Javier Ruiz

LA FORTUNA CON SESO

Javier Ruiz


La mascarilla

10/02/2022

La mascarilla cae este jueves de la cara como el guante de Rita Hayworth del brazo, igual que un descuido, lo mismo que unos ojos entornados. Lo hace de la manera más natural, cuando el Rey se infecta de Covid, otra señal más de la república venidera y bananera. La mascarilla ha sido nuestro refugio durante dos años, un burladero ante el que escondernos y ver la vida pasar en silencio, parada, sigilosa, arrastrando los pies calladamente. Ha caído la mascarilla como una estatua de Sadam Hussein, hartos de ómicron y lodo, igual que los Budas de Bamiyan. Se han deslizado despacio, entre el miedo y la ira, lo mismo que un quirófano con lista de espera. La semana pasada nos la volvieron a poner y ahora nos la quitan de nuevo. Son cosas de Pedro Sánchez y sus mariachis. Ahora regresarán los rostros como las golondrinas, las mejillas florecerán en primavera y la alegría volverá a los recreos.
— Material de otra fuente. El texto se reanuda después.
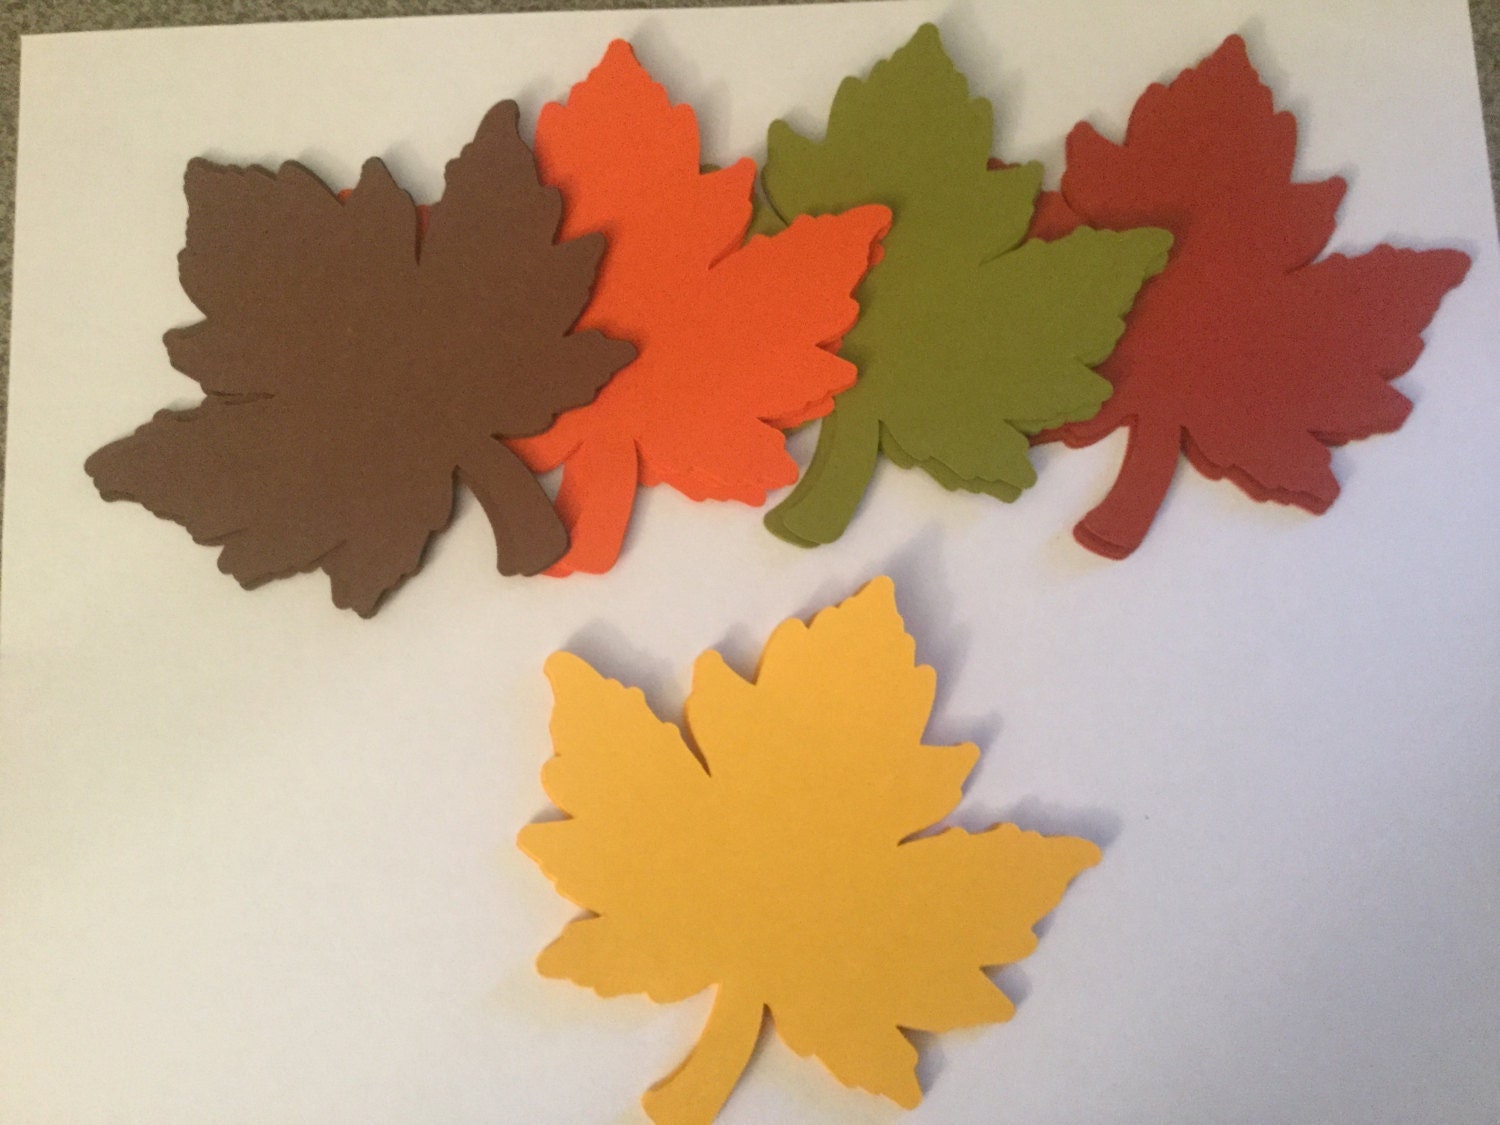 80 Pieces Unfinished Wood Cutouts Maple Leaves Wooden Crafts Fall Shap

La mascarilla se marcha hasta la próxima y esperemos que sea para siempre. Las ha habido de todos los colores, formatos y texturas. A mí me molaban las estridentes, saltonas e irreverentes. Las que invitaban a dar besos de tornillo con ella puesta. Hasta volverá el erotismo perdido en la pandemia. Cuántos polvos habrán quedado en el trastero por la cuarentena.
Los niños prescindirán de ellas en el recreo, aunque les costará un tiempo. Son la generación del covid, marcados a sangre y fuego por el maldito virus. Nos han dado una lección magistral, como pocas en la reciente historia de la Humanidad. Los pequeños enseñando disciplina a los mayores. Lástima que los grandes seamos idiotas y les hayamos preparado un camino lleno de espinas para que tropiecen nada más empiecen a andar. La mascarilla será recuerdo de juventud e infancia, nos veremos en las fotos y querremos olvidar el jalón que aquello fue en nuestras vidas. El coronavirus será el nombre de una época y pesadilla que comenzó con aplausos y acabó en hastío.
Se han muerto demasiados y no sabemos cómo ha sido. Los chinos deberán explicar por qué su Producto Interior Bruto apenas se ha resentido con la pandemia. Pasé la ómicron en Navidad y lo contaré como las batallitas del abuelo. Aunque no me dejó secuela alguna, cuántos no ha habido que han librado la batalla hasta la extenuación. Las mascarillas caen como las hojas en otoño y solo quedarán de ellas memoria negra en el asfalto. Se va un tiempo raro, difícil, complicado. San Valentín llegará limpio, aunque deberá ponerse la mascarilla para hacer el amor en espacios cerrados. Decae la prenda en pleno Carnaval, lo cual nos da a entender que lo vivido hasta ahora eran las verdaderas carnestolendas. Todo el año es Carnaval, decía Larra y si uno ve la televisión, escucha la radio y lee los periódicos, confirma que es verdad. La mascarilla se esfuma y es una pena que no haya servido para que algunos callaran. Duele la cabeza de escuchar tanto discurso y hay quien se coloca la mascarilla en el cerebro para no infectarse. Hay ideas que contagian más que los virus.
La mascarilla muere este jueves con la esperanza de su ausencia definitiva. Ha sido un buen alivio para el frío e incluso los alérgicos, que este año hemos notado las arizónicas menos. Pero el mundo no es una sala de operaciones ni un hospital de campaña. Brotarán en tu boca margaritas de esperanza y unos lirios verdaderos alfombrarán para siempre este tiempo oscuro de crisantemos.